A proposta partiu do Sindicato de Aviação Agrícola (Sindag) no mesmo ano em que a venda de agrotóxicos recuou 20%. A lei foi sancionada por Temer mesmo com o posicionamento contrário da Campanha Permanente Contra os Agrotóxicos e Pela Vida, da Associação Brasileira de Saúde Coletiva (Abrasco), do Conselho Nacional de Segurança Alimentar e Nutricional (Consea), do Conselho das Secretarias Municipais de Saúde (Consems), do Conselho Nacional de Secretários de Saúde (Conass), da Fundação Oswaldo Cruz (Fiocruz) e do próprio Ministério da Saúde.
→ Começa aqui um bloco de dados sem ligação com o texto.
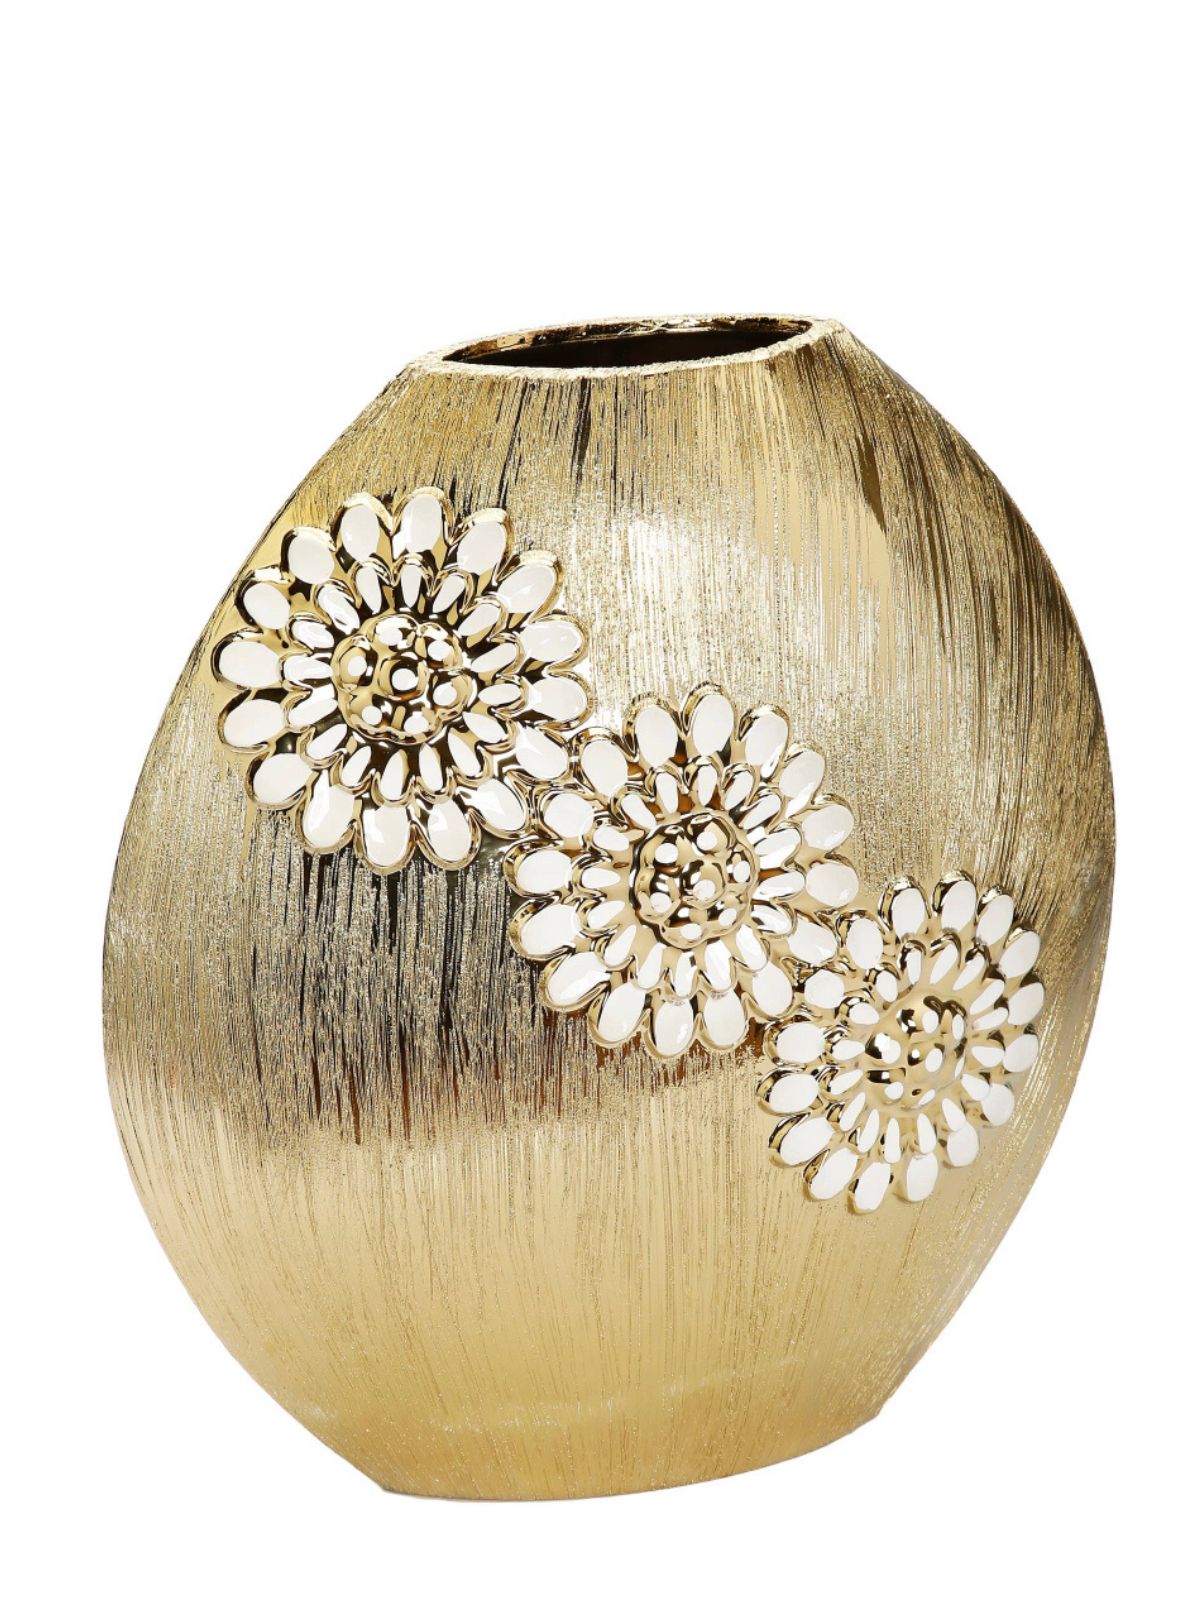 13H Luxury Round Matte Gold Ceramic Vase With White Textured Flower Design - KYA Home Decor.

A pulverização aérea para controle de vetores além de perigosa é ineficaz. Anos e anos de aplicação de fumacê serviram apenas para selecionar os mosquitos mais fortes, forçando o aumento nas doses de veneno e a utilização de novos agrotóxicos. Os efeitos na saúde da população exposta à pulverização aérea nas lavouras estão bem relatados no Dossiê Abrasco.
A pulverização aérea de agrotóxicos é consideravelmente responsável por sua dispersão no ambiente. O método de aplicação já foi proibido pelo Parlamento Europeu em 2009, salvo casos excepcionais. Segundo pesquisadores, ainda que em condições ideais como calibração, temperatura e ventos, o método de pulverização implica em reter 32% dos agrotóxicos emitidos nas plantas, enquanto que 49% vão para o solo e 19% são dispersados para áreas fora da região de aplicação. No Ceará, Projeto de Lei no 018/2015, de autoria do deputado estadual Renato Roseno (PSOL), pretende proibir a pulverização aérea de agrotóxicos.